● Work request: Any picture in the material should be left out, while all other lines are copied exactly.

● Provided material:
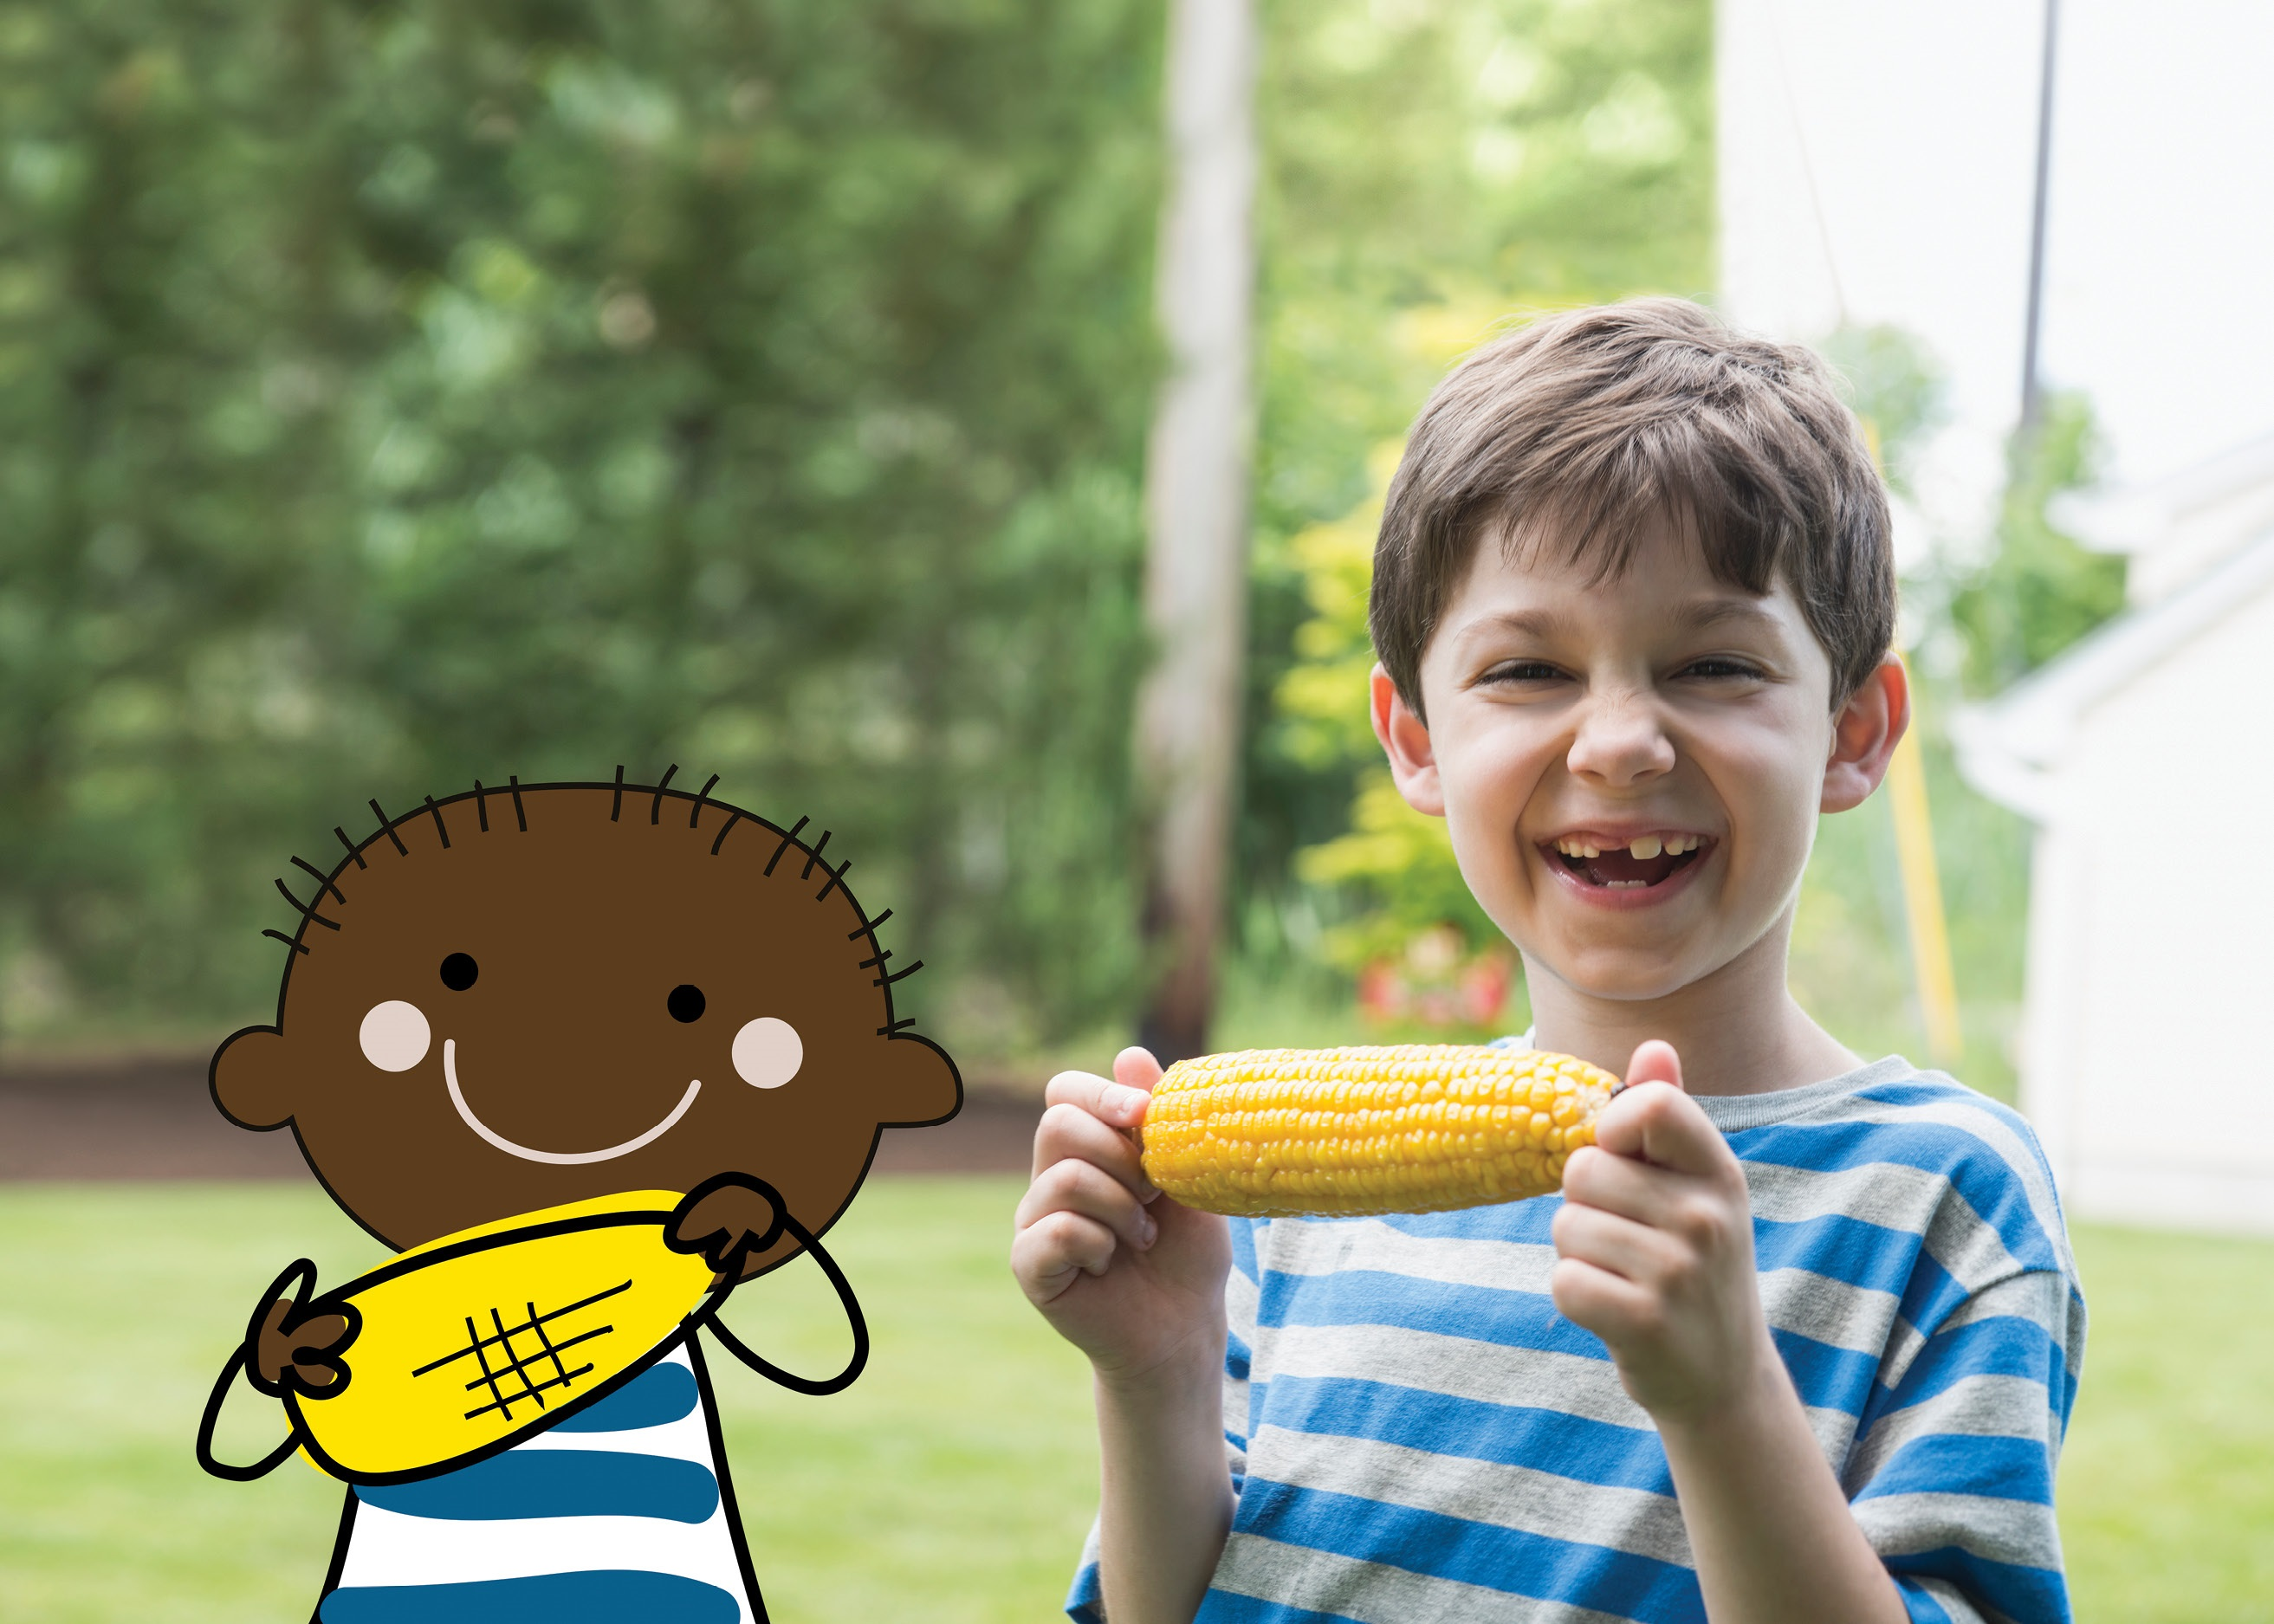 Healthy Kids Challenge Burlington - Boost veggies and fruits
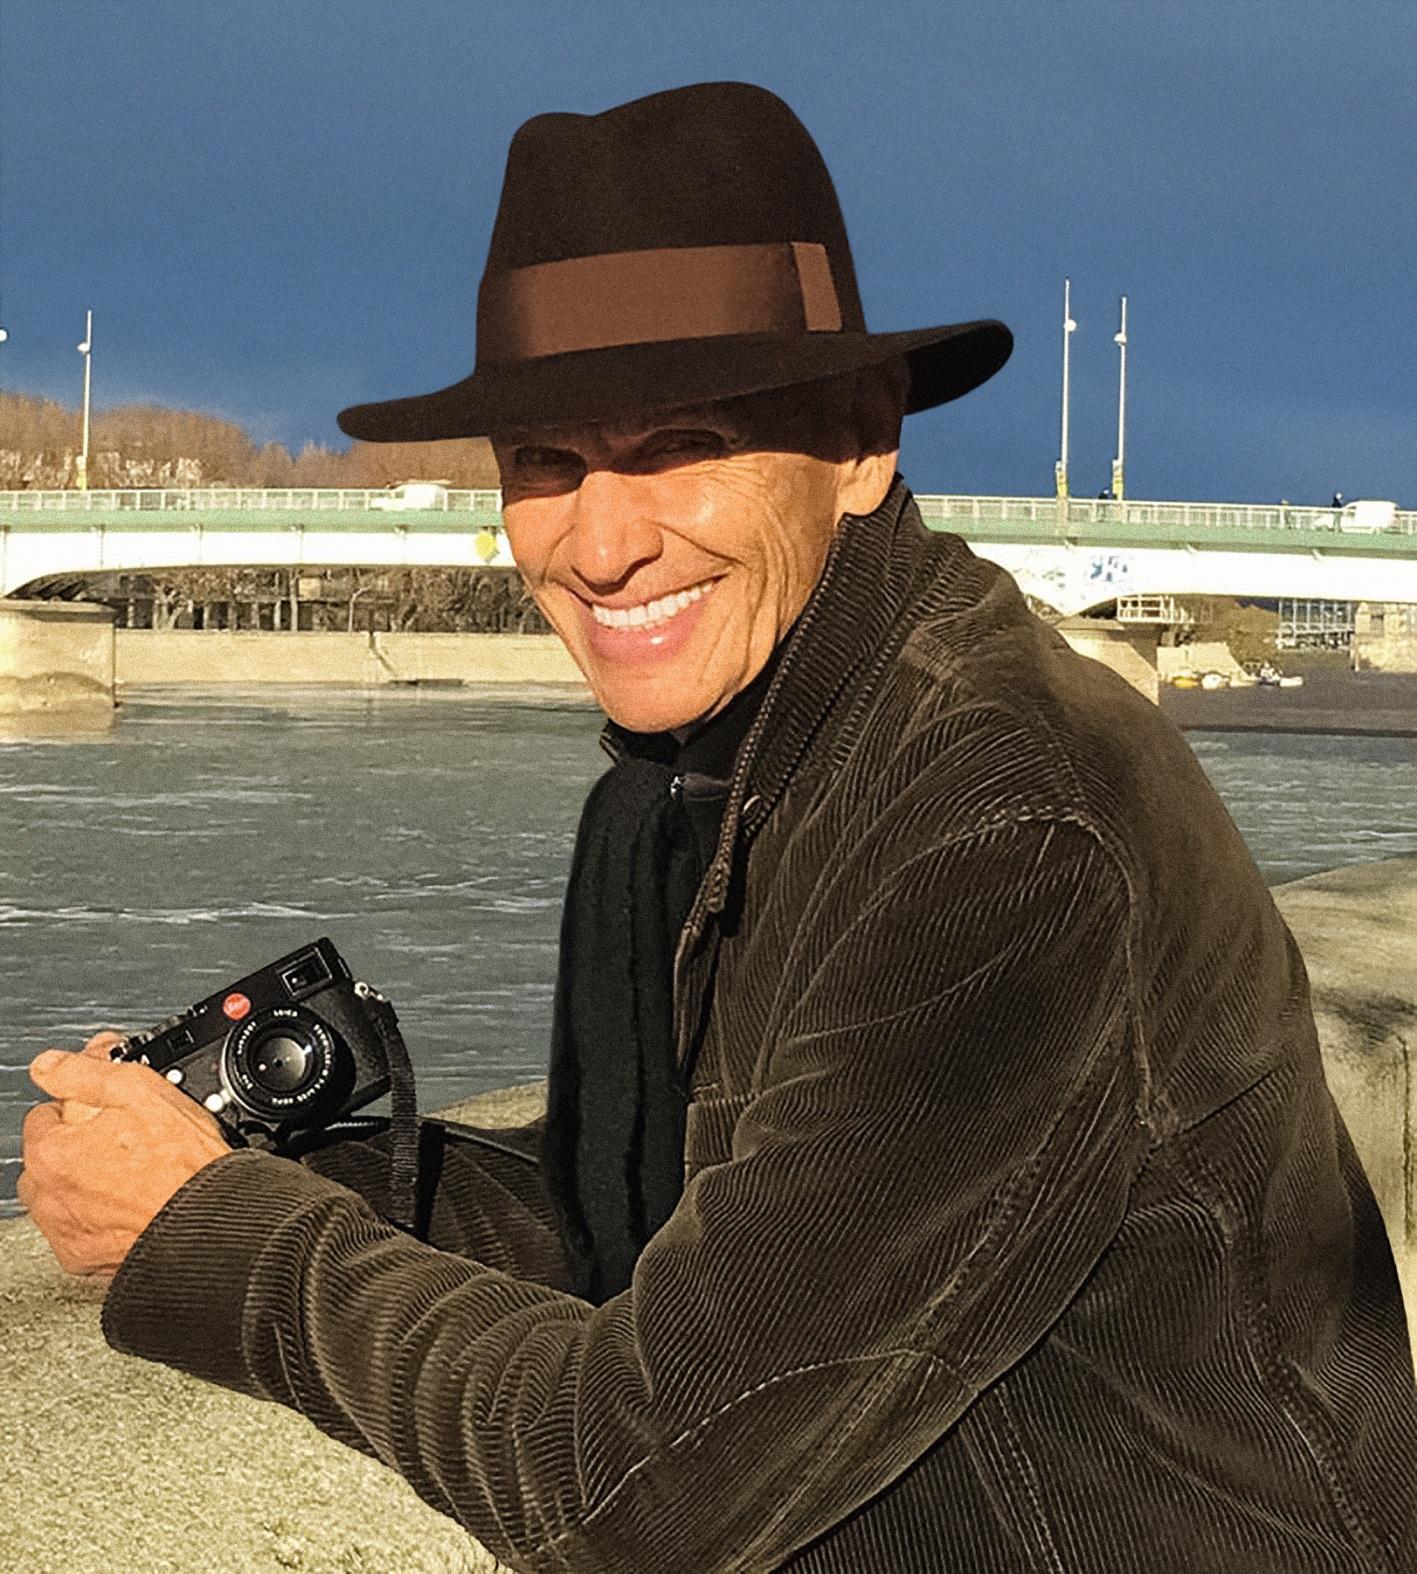 Joel Meyerowitz - PHOTOGRAPHERS WHO QUIT THEIR JOBS TO CHASE THEIR DREAMS
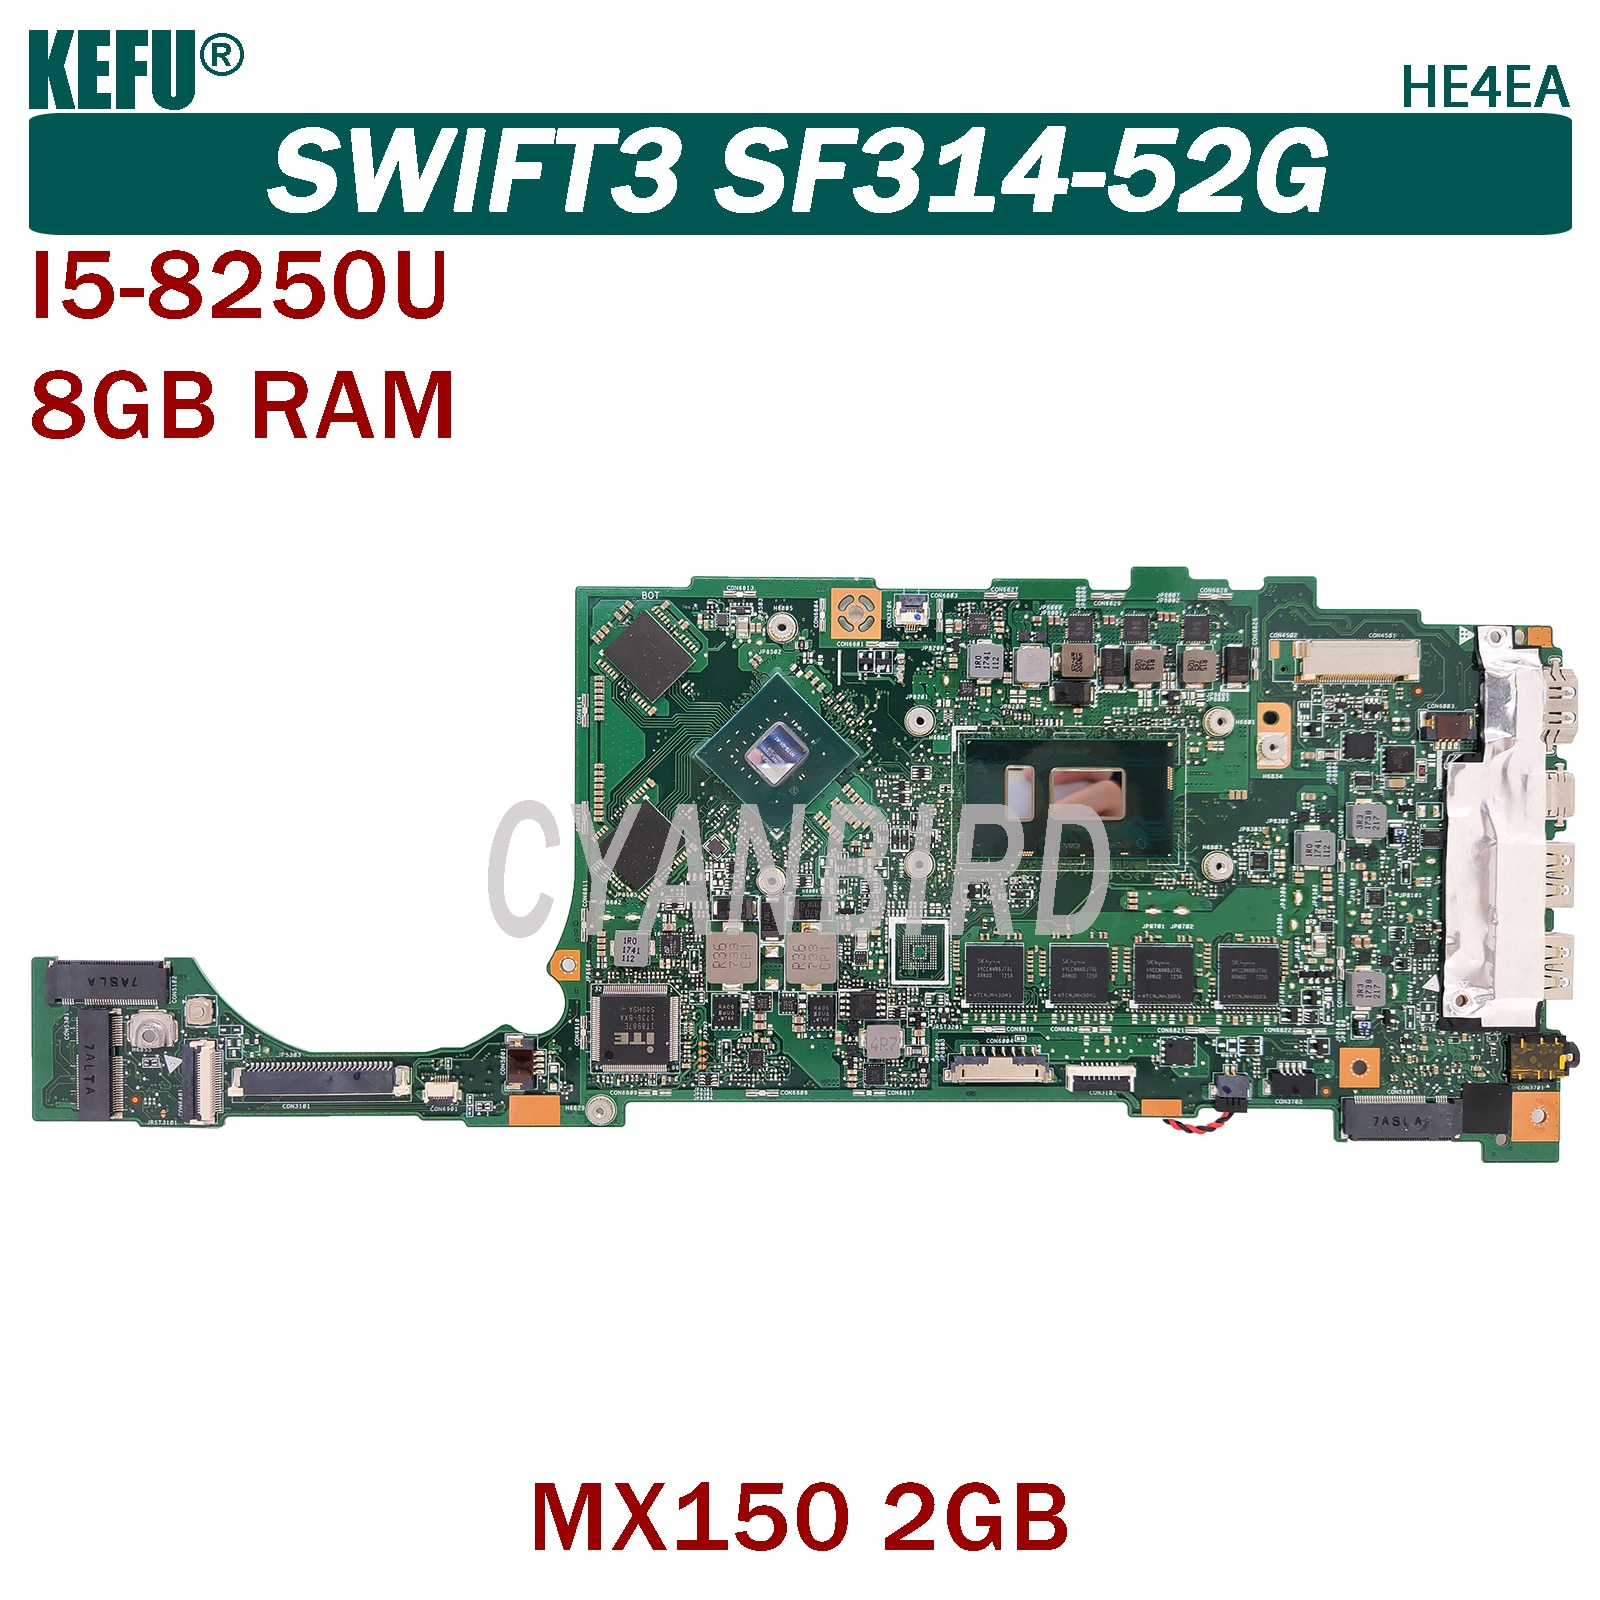 KEFU HE4EA الأصلي اللوحة الرئيسية لشركة أيسر Swift3 SF314-52G SF314-52 مع 8GB-RAM I5-8250U اللوحة الأم للكمبيوتر المحمول MX150-2GB

● Answer section:
 Healthy Kids Challenge Burlington - Boost veggies and fruits
 Joel Meyerowitz - PHOTOGRAPHERS WHO QUIT THEIR JOBS TO CHASE THEIR DREAMS
 KEFU HE4EA الأصلي اللوحة الرئيسية لشركة أيسر Swift3 SF314-52G SF314-52 مع 8GB-RAM I5-8250U اللوحة الأم للكمبيوتر المحمول MX150-2GB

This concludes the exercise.